Good for you dude, person B whoever it may be had no right, sound like he was taking any sort of frustration out in you.


----------



## RyanAdams (Aug 15, 2008)

Thanks swiv2D. It's a start.


----------



## sherbert (Jun 24, 2005)

That's really awesome! Standing up for yourself is always a difficult task and one the often leaves you with a bit of uncertainty. Some people are bullies and they act that way b/c it allows them to control their environment-- or it gives the perception of control. By standing your ground, you're asserting that your opinion matters and you deserve a level of respect. It's not really important whether the other person 'gives' you respect, but it is important to be heard. Anyways, I am sure that other people have their own take, but it's something that I have thought long and hard about before. 

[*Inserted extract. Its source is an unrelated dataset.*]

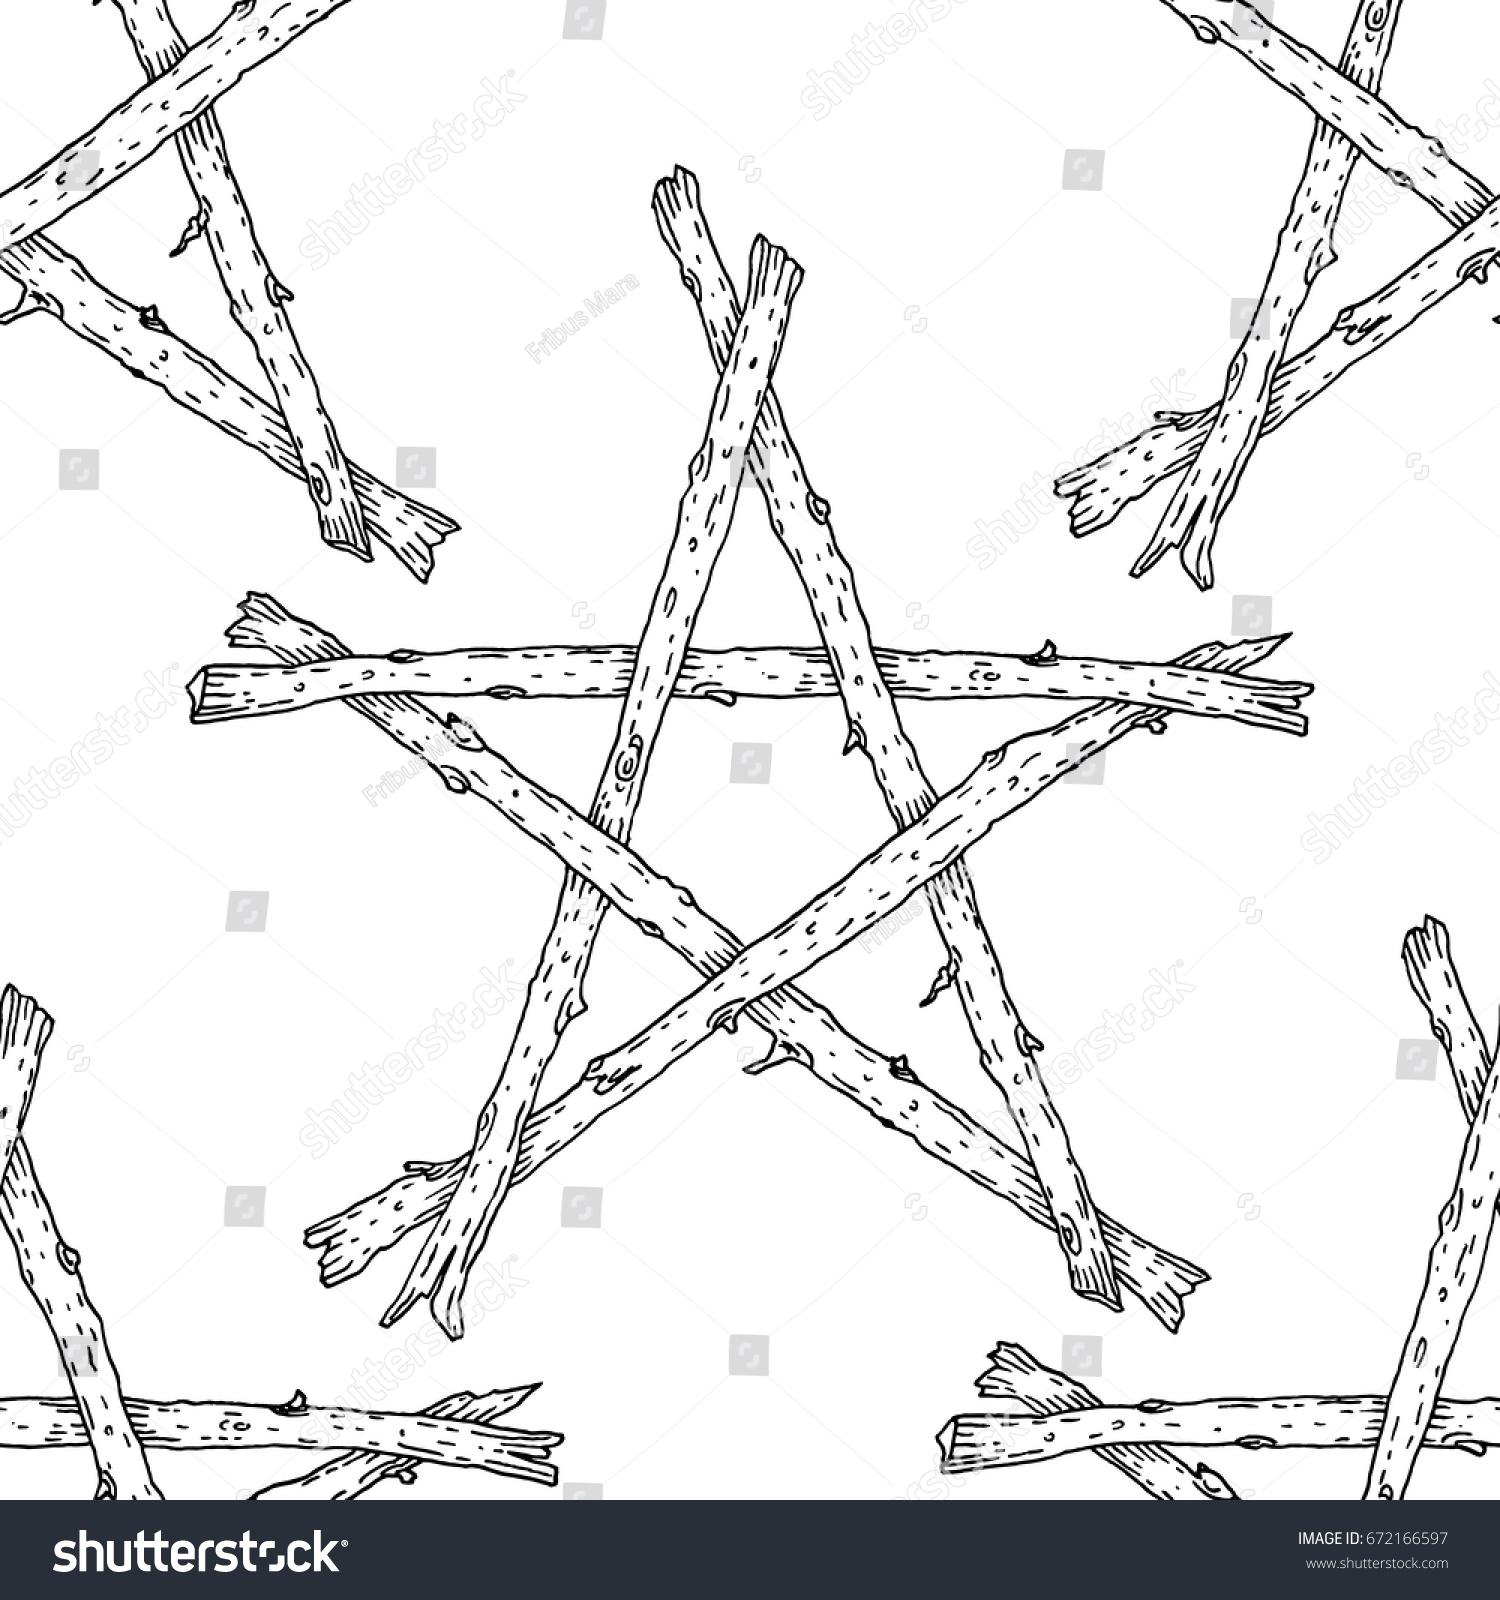 Witchcraft wicca sticks pentagram seamless pattern stock vector witchcraft wicca sticks pentagram seamless pattern hand drawn magic occult star symbol vector background buycottarizona Choice Image

I think too often people who struggle with mental issues have a difficult time being assertive. Part of that, I believe, is that they generally devalue themselves. Awesome job!


----------



## FTFADIA (Jul 26, 2011)

Good job! I have this problem as well, I hate confrontation and would rather avoid it at all costs. Its nice to hear someone similar to me stand up for themselves. In the rare instances I do stick up for my self I feel good but at the same time I feel a little guilty that I may have made the other person feel bad. How did you feel after? You feel now that in the future it will be easier to stand up for yourself not just with person b but with anyone?


----------



## mind_games (Nov 30, 2008)

Good going Ryan!


----------



## fatelogic (Jun 21, 2011)

you are SAS of the month, if you ask me.


----------



## RyanAdams (Aug 15, 2008)

Thanks everyone I haven't thanked yet.



FTFADIA said:


> Good job! I have this problem as well, I hate confrontation and would rather avoid it at all costs. Its nice to hear someone similar to me stand up for themselves. In the rare instances I do stick up for my self I feel good but at the same time I feel a little guilty that I may have made the other person feel bad. *How did you feel after? You feel now that in the future it will be easier to stand up for yourself not just with person b but with anyone?*


Just like you, after I calmed down I felt guilty about it. I feel a lot of empathy for people's feelings, and I want to treat people the way I want to be treated, so that's screwed with my head and made standing up for myself pretty tough. I don't think it'll get any easier either. If I get this TV job I'm auditioning for, it might pay me enough where I'll have enough money and time to weight train and build some muscle and pursue martial arts training. That might help...or not, we'll see. Good on ya for standing up for yourself, too.


----------



## Christina123 (May 26, 2011)

How did person B react when you went from the shy pushover to standing up for yourself?


----------



## layitontheline (Aug 19, 2009)

That's great. I love reading posts about people standing up for themselves; it's awesome to hear.


----------



## Atticus (Nov 10, 2003)

Hey, good for you. If the spider won't bite, I see a power ring in your future


----------



## leonardess (Jun 30, 2009)

Christina123 said:


> How did person B react when you went from the shy pushover to standing up for yourself?


I'm curious about this too. I hope whatever their reaction was, it hasn't put you off of what you did for yourself.

Good for you, this was great to read!


----------



## RyanAdams (Aug 15, 2008)

Atticus said:


> Hey, good for you. If the spider won't bite, I see a power ring in your future


NOOOOOO! I don't want to be the Green Lantern...or one of the kids from Captain Planet(pretty sure you're talking about the Green Lantern). :lol I'd rather be Superman. I've always wondered how my love life would be if I were Superman (without that outfit though). Nice to talk to a fellow Missourian by the way.



Christina123 said:


> How did person B react when you went from the shy pushover to standing up for yourself?


Well, they actually groveled for my forgiveness. But they're not the most emotionally stable person out there. I wouldn't get that reaction from most people, I don't think.


----------



## tutliputli (Feb 22, 2009)

Brilliant! Well done on handling it so well.



RyanAdams said:


> Well, they actually groveled for my forgiveness. But they're not the most emotionally stable person out there.* I wouldn't get that reaction from most people, I don't think.*


Maybe not the grovelling but they'd certainly respect you and probably feel rather stupid for being such a moron. People generally only behave that way if they think they can get away with it. Hopefully this person will treat you better from now on.


----------